Bild: Lernwillig nicht nur beim gemeinen Fluchen: Papagei
„Hey, gib mir ’ne Erdnuss, du Pfeife!“, krächzt Gelbbrustara Coco. In der
Freiflughalle des Vogelparks Walsrode, Abteilung Tropen, hat sich der
prachtvolle Exot nach mehreren Scheinangriffen auf unsere elbischen
Fönfrisuren im Strauch gegenüber niedergelassen. Aber gleich geht es
weiter: „Meine Oma hatte Schockmauser, und die sah immer noch besser aus
als ihr Haargranaten!“
Dr. Karin Weingarten schmunzelt. Die 50-Jährige, die sich in Fachkreisen
als „Jane Goodall aller Papageien“ einen Namen gemacht hat, ist Leiterin
der Auffangstation für hochintelligente, dreiste Sprechvögel. „Ihre
ursprünglichen Besitzer kamen mit dieser wirklich täglichen Flut an
Kränkungen und obszönen Beschimpfungen nicht mehr zurecht“, erklärt die
studierte Ornithologin. Auf keinen Fall aber sollen die kackfrechen
Federknäuel in Walsrode umerzogen werden.

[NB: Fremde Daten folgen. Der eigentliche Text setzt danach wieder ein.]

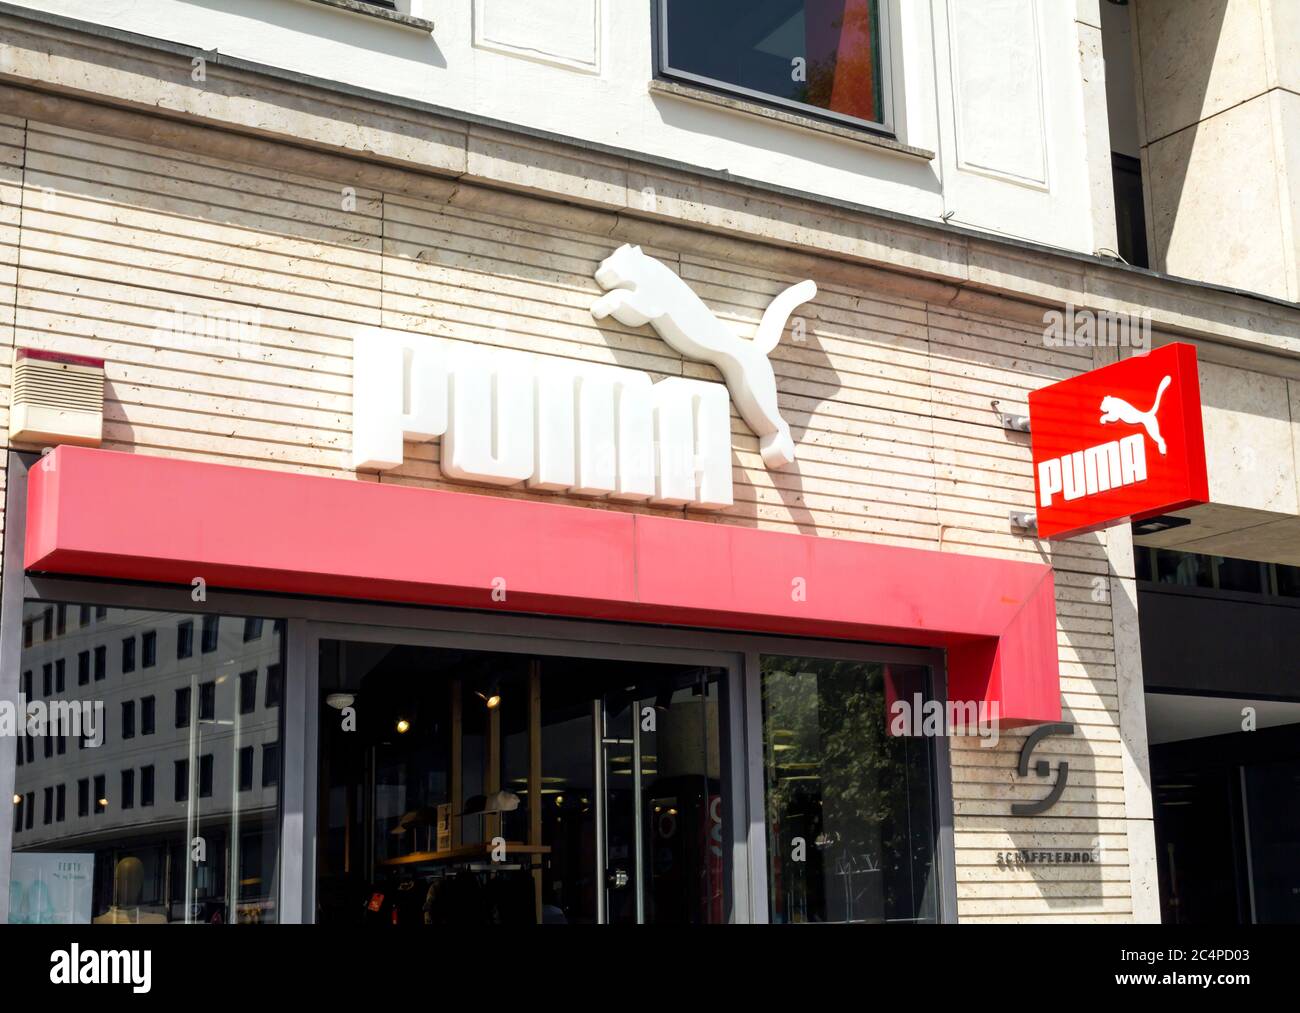 München, Deutschland : Puma Outlet Store. Puma ist ein großes deutsches  multinationales Unternehmen, das sportliche, legere Schuhe und  Sportbekleidung mit Sitz in i herstellt Stockfotografie - Alamy
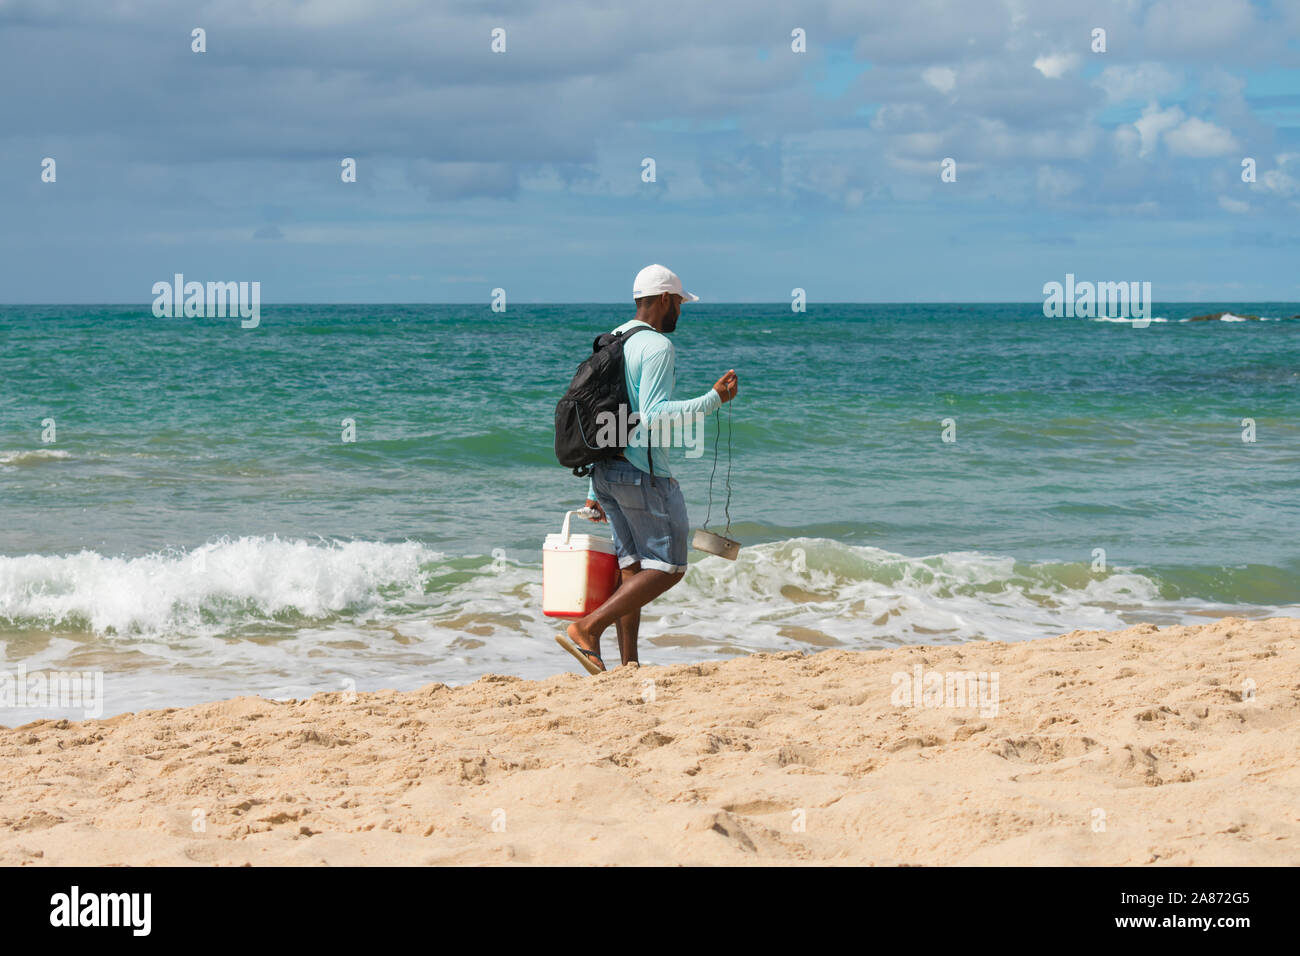 Salvador, Brasile - Circa nel settembre 2019: l'uomo con un braciere vendere queijo coalho (formaggio alla griglia) sulla spiaggia di Itapua - popolare beach snack in Salvador Foto Stock

„Anstatt sie nach ihrer Inobhutnahme im achtsamen Tier-Knigge zu
unterweisen, lernen die Papageien bei uns, wie sie ihre sprachlichen
Fähigkeiten verbessern und gezielt einsetzen können“, so Weingarten. „Dab…
machen wir uns eine Strafgesetzbuchlücke zunutze. Nirgends steht da, dass
man Tiere für Beleidigungen rechtlich belangen kann!“, reibt sich die
Leiterin freudig die kräftigen Hände.
Gegen eine entsprechende Gebühr, die zu 100 Prozent in den Schutz der
Regenwälder am Amazonas fließe, können die Dienste der eloquenten Fieslinge
ab sofort für private Anlässe gebucht werden. Weingarten führt uns durch
eine Flügeltür in den angrenzenden Trainingsbereich. Hier ist inmitten
umgestürzter Bierbänke und zerbrochener Maßkrüge das Chaos ausgebrochen.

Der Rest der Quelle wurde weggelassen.